Le constat dressé par ces organisations professionnelles est sombre : programmations annulées ou réduites, théâtres et compagnies fragilisés financièrement, difficultés à payer salaires et charges, techniciens qui sortent de l'intermittence pour basculer au RSA, suppressions de postes, non-remplacement des départs à la retraite. Le texte réclame un moratoire immédiat sur les baisses de crédits, une cellule de crise interministérielle, une conférence permanente associant État, collectivités et professionnels, et un plan national de refinancement du service public culturel. Argument central : la culture ne pèse que 0,7 % du budget de l'État, et les économies dégagées seraient, selon les signataires, « marginales » au regard des dégâts sur les territoires.
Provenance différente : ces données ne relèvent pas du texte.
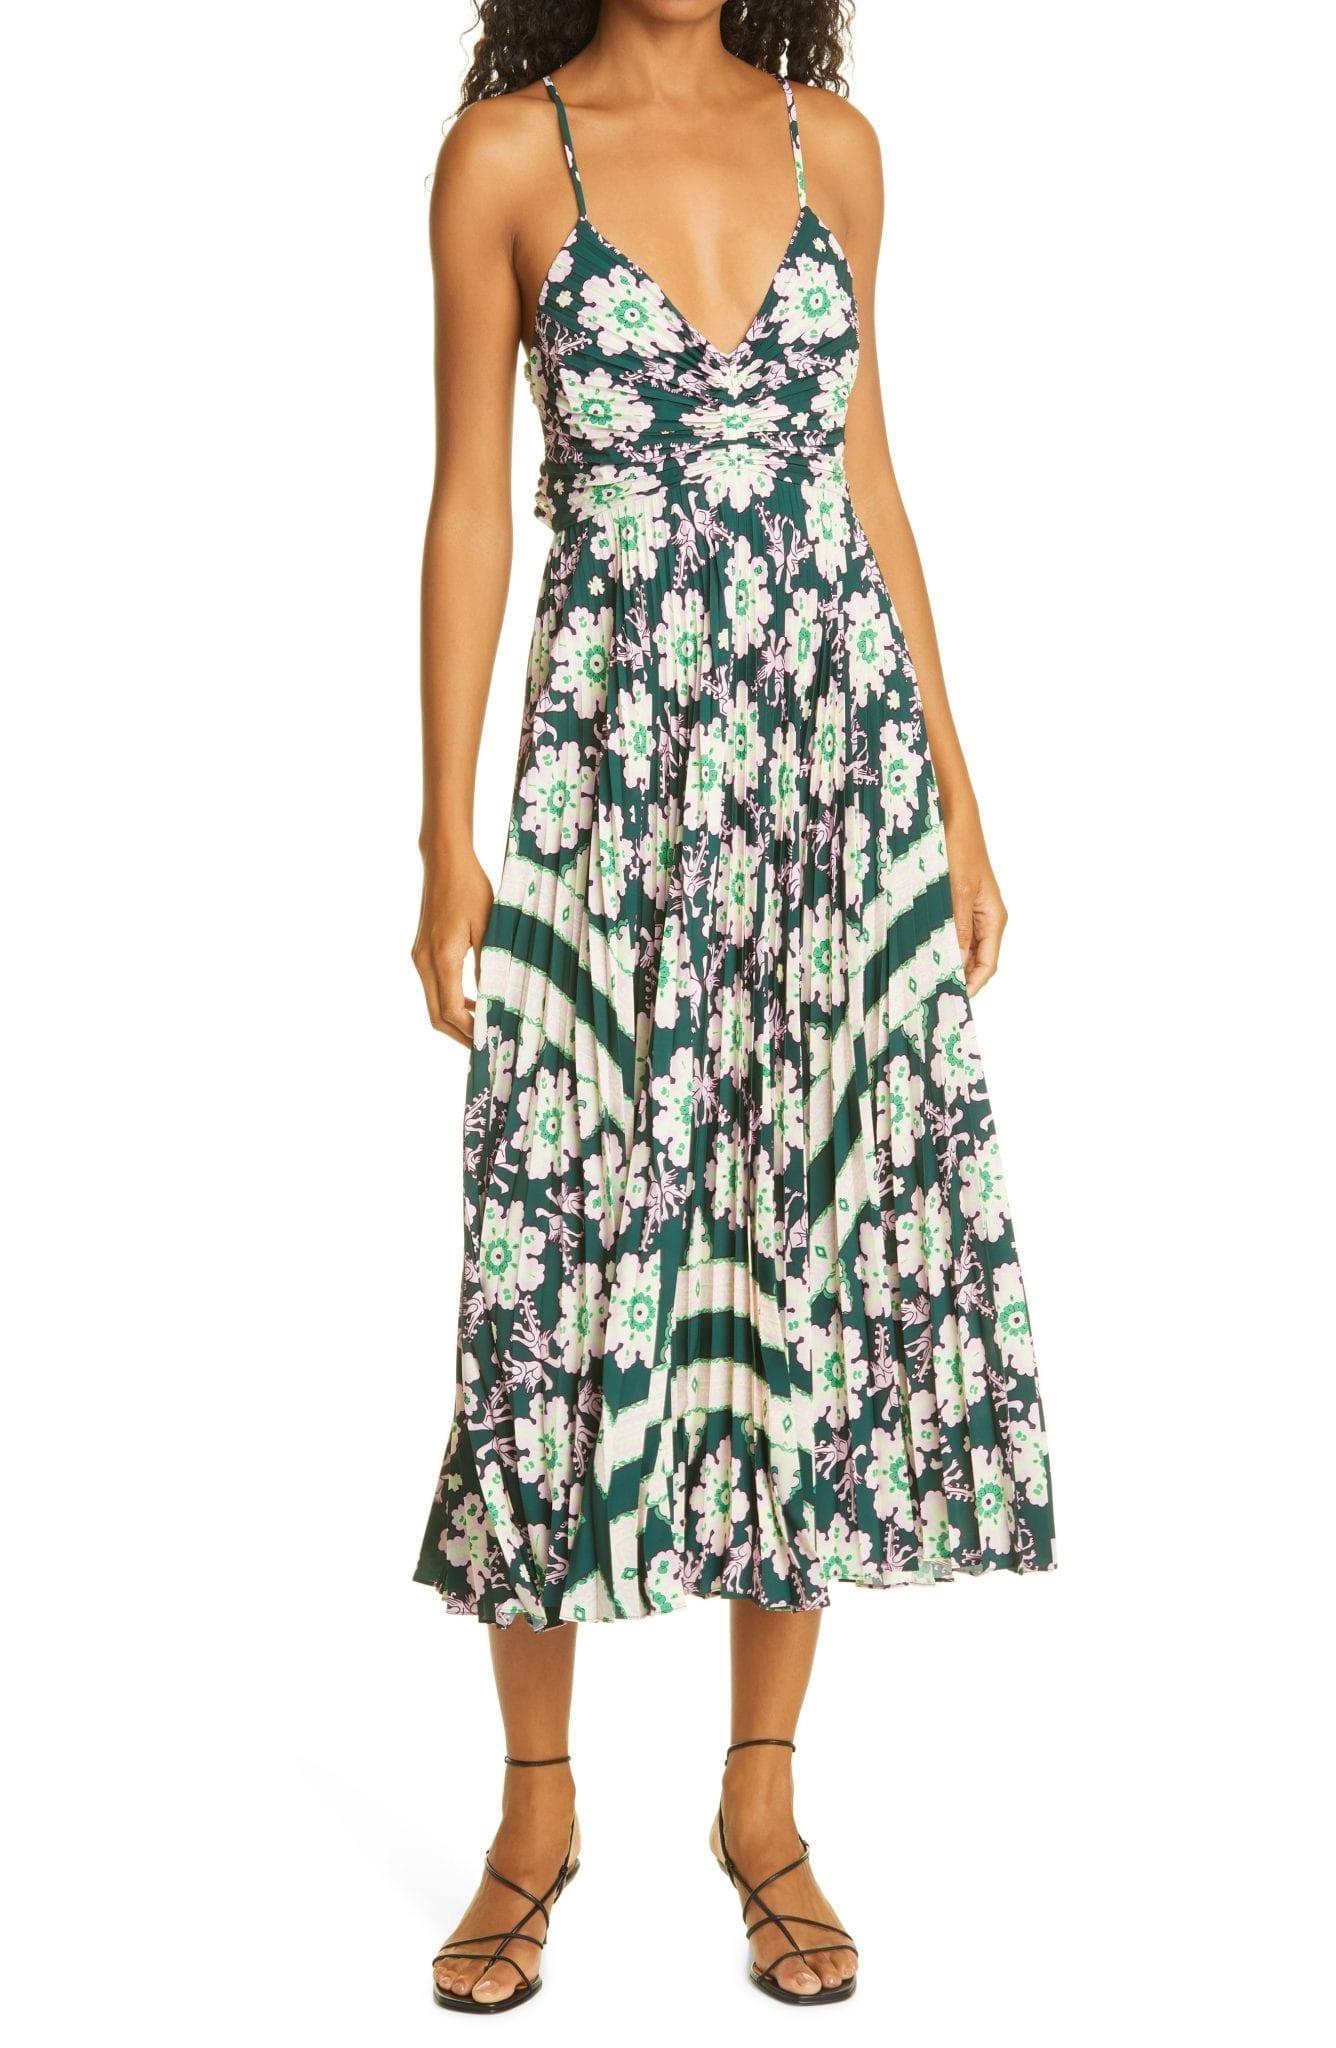 A.L.C. Gemini Print Pleated Dress

Ce cri venu de la scène nationale résonne particulièrement en Gironde. Le département affiche un déficit de 136,5 millions d'euros pour 2025 et a annoncé une baisse générale de 50 % de ses aides au secteur culturel, selon une enquête de Rue89 Bordeaux. L'École de cirque de Bordeaux en offre une illustration concrète : sa subvention régionale est passée de 50 000 à 25 000 euros en 2026, avec un retrait total programmé pour 2027, tandis que le Département divise par deux son propre soutien, pour une perte sèche de 30 000 euros sur un budget de fonctionnement d'environ 450 000 à 500 000 euros. Plus à l'est, le Théâtre Auditorium de Poitiers doit absorber une baisse cumulée de 266 650 euros de subventions publiques sur un budget annuel de 6,5 millions.

Côté collectivités, les arbitrages sont justifiés par la contrainte budgétaire globale, entre déficits départementaux et désengagement progressif de certains financeurs régionaux, sans qu'un chiffrage détaillé de la position de la Région ou du Département sur ce point précis n'ait été rendu public à ce stade.

Le TnBA invite le public à signer la pétition portée par le collectif Les lignes bougent, qui a déjà rassemblé des soutiens dans plusieurs grandes scènes françaises. Reste à savoir quelle traduction budgétaire le gouvernement donnera, à la rentrée, à cette mobilisation qui touche directement l'emploi culturel bordelais, non délocalisable, et l'avenir des saisons à venir dans les salles de la ville.